Quando diciamo che nessuno è più nella carne intendiamo riferirci a quella condizione connaturale alla creatura umana che comprende, fra l’altro, la particolare caducità propria dei corpi. Vi fa cenno san Paolo quando dice: «Infatti anche se abbiamo conosciuto Cristo secondo la carne, ora non lo conosciamo più così» (2 Cor 5, 16). In altre parole: «Il Verbo si fece carne e venne ad abitare in mezzo a noi» (Gv 1, 14), e per la vita di noi tutti accettò la morte del corpo. La nostra fede prima ce lo fa conoscere morto, poi però non più morto, ma vivo; vivo con il corpo risuscitato al terzo giorno; vivo presso il Padre ormai in una condizione superiore a quella connaturale ai corpi che vivono sulla terra. Morto infatti una volta sola non muore più, la morte non ha più alcun potere su di lui. Per quanto riguarda la sua morte egli morì al peccato una volta per tutte; ora invece per il fatto che egli vive, vive per Dio (cfr. Rm 6, 8-9).

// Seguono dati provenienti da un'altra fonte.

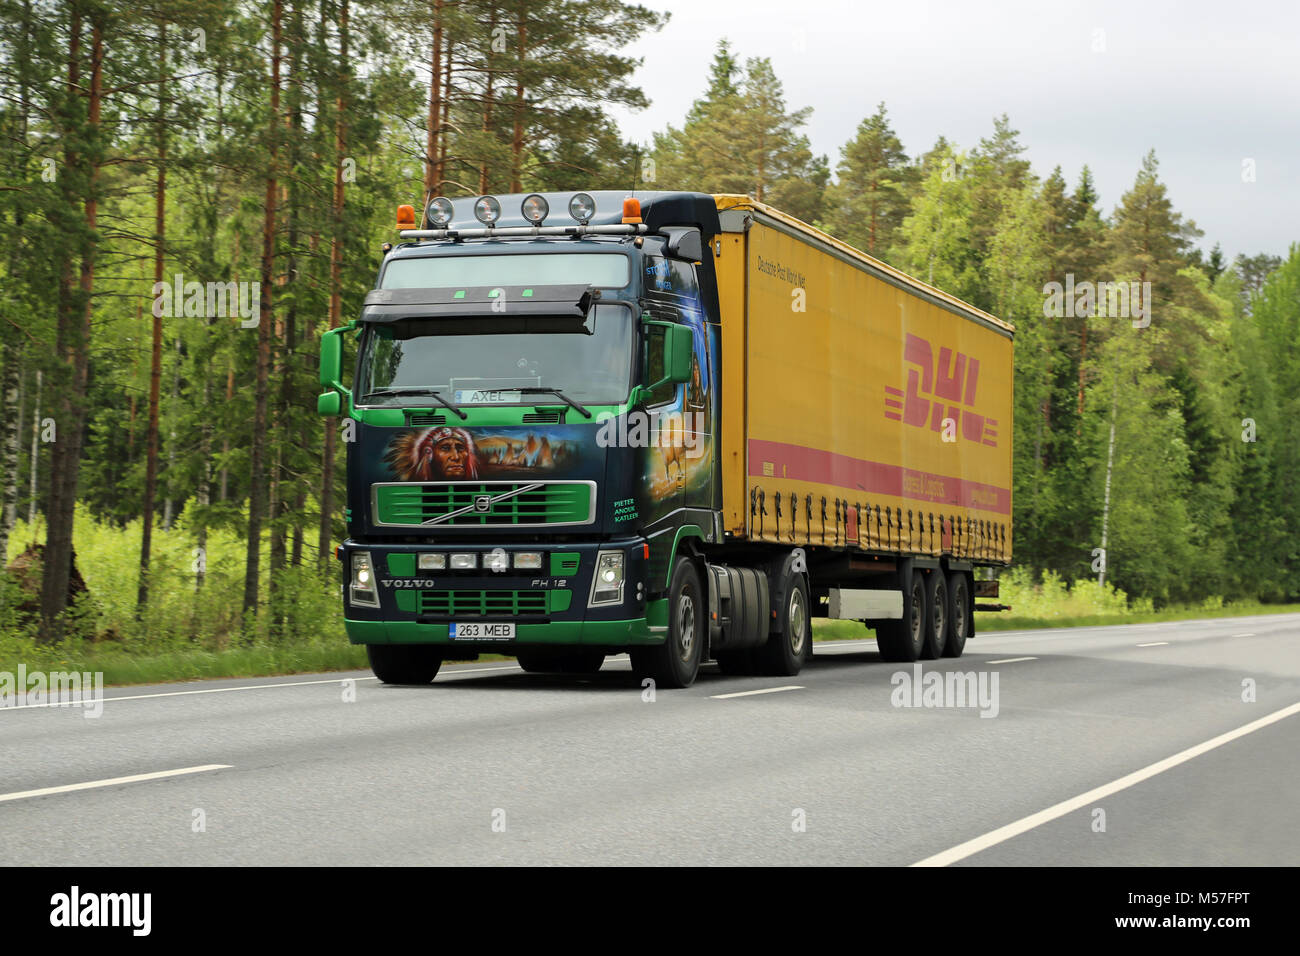 KOSKI, Finnland - 1. JUNI 2014: schön bemalte Volvo FH 12 Lkw auf der Straße. Die meisten der ausführlichen Designs auf Lastwagen werden durch Airbrush vehicl erstellt Stockfoto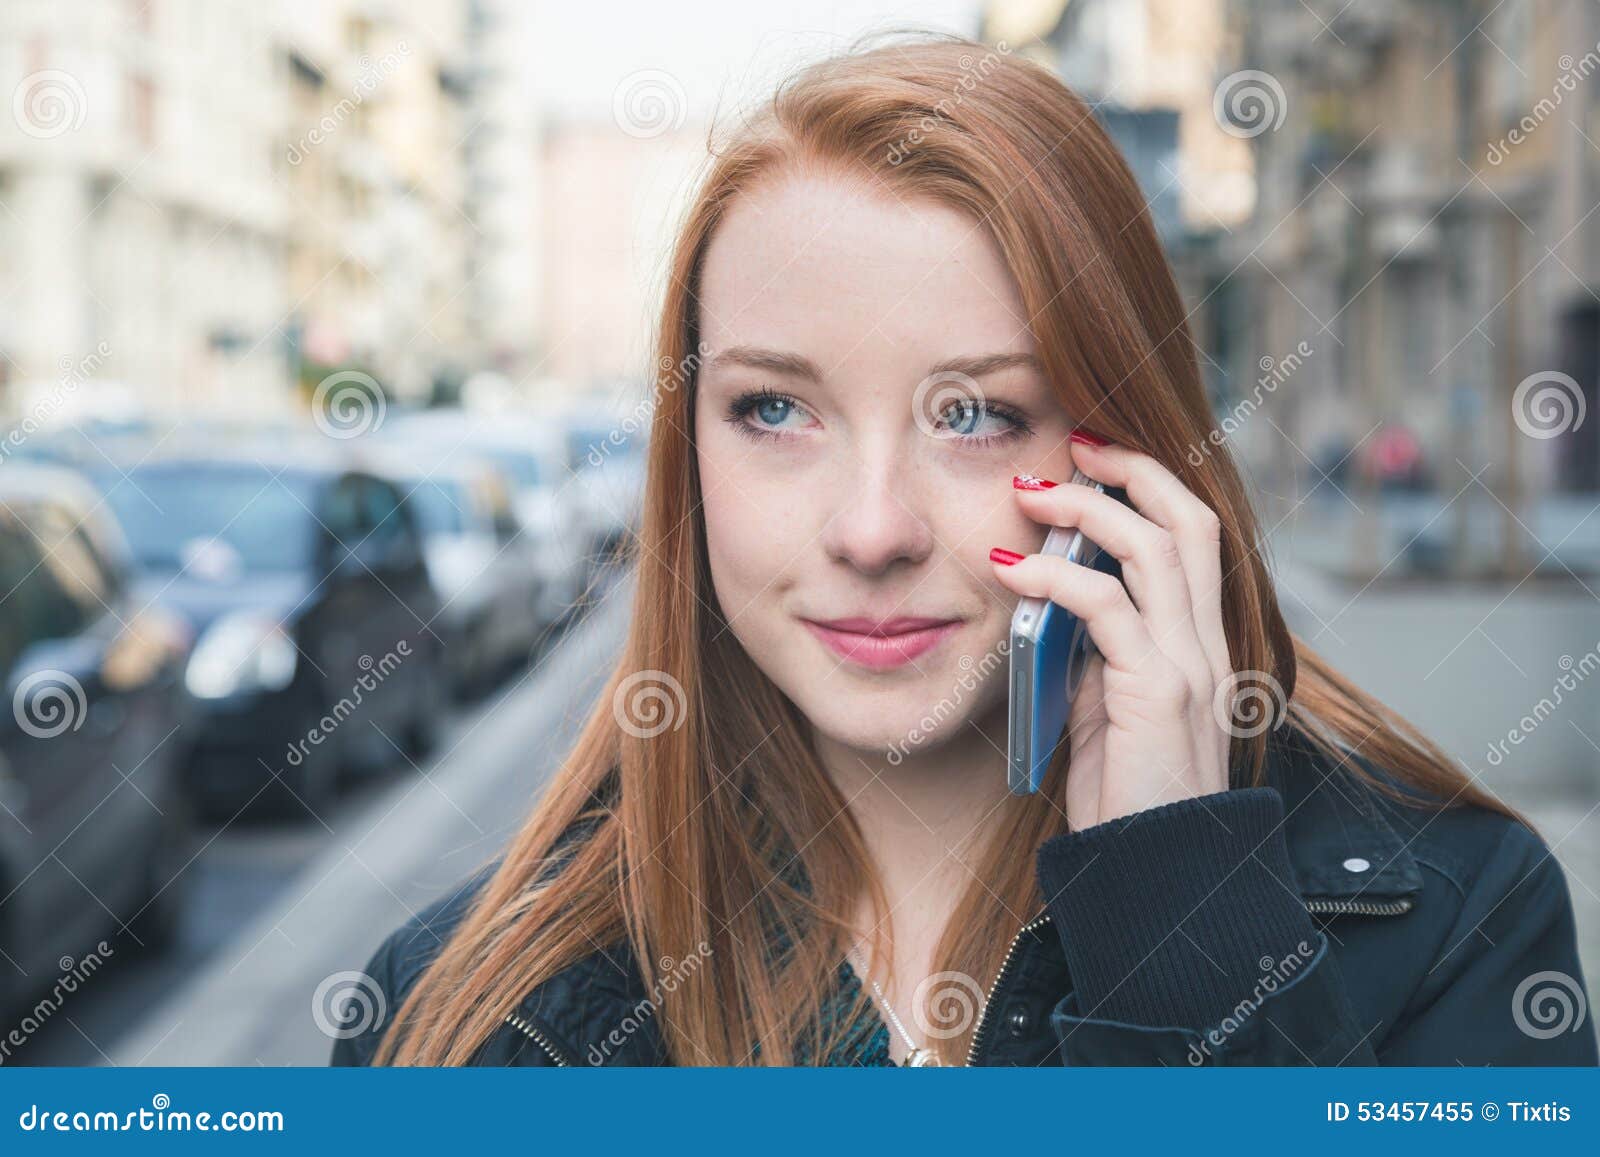 Сказать мужским голосом. Говорит по телефону на улице. Девушка разговаривает по телефону на улице. Баба с мужским голосом. Девушка говорит по айфону на улице.

Pertanto se si trova in questo stato colui che si fece per noi antesignano di vita, è assolutamente necessario che anche noi, calcando le sue orme, ci riteniamo vivi della sua stessa vita, superiore alla vita naturale della persona umana. Perciò molto giustamente san Paolo scrive: «Se uno è in Cristo, è una creatura nuova; le vecchie cose sono passate, ecco ne sono nate di nuove!» (2 Cor 5, 17). Fummo infatti giustificati in Cristo per mezzo della fede, e la forza della maledizione è venuta meno. Poiché egli è risuscitato per noi, dopo essersi messo sotto i piedi la potenza della morte, noi conosciamo il vero Dio nella sua stessa natura, e a lui rendiamo culto in spirito e verità, con la mediazione del Figlio, il quale dona al mondo, da parte del Padre, le benedizioni celesti.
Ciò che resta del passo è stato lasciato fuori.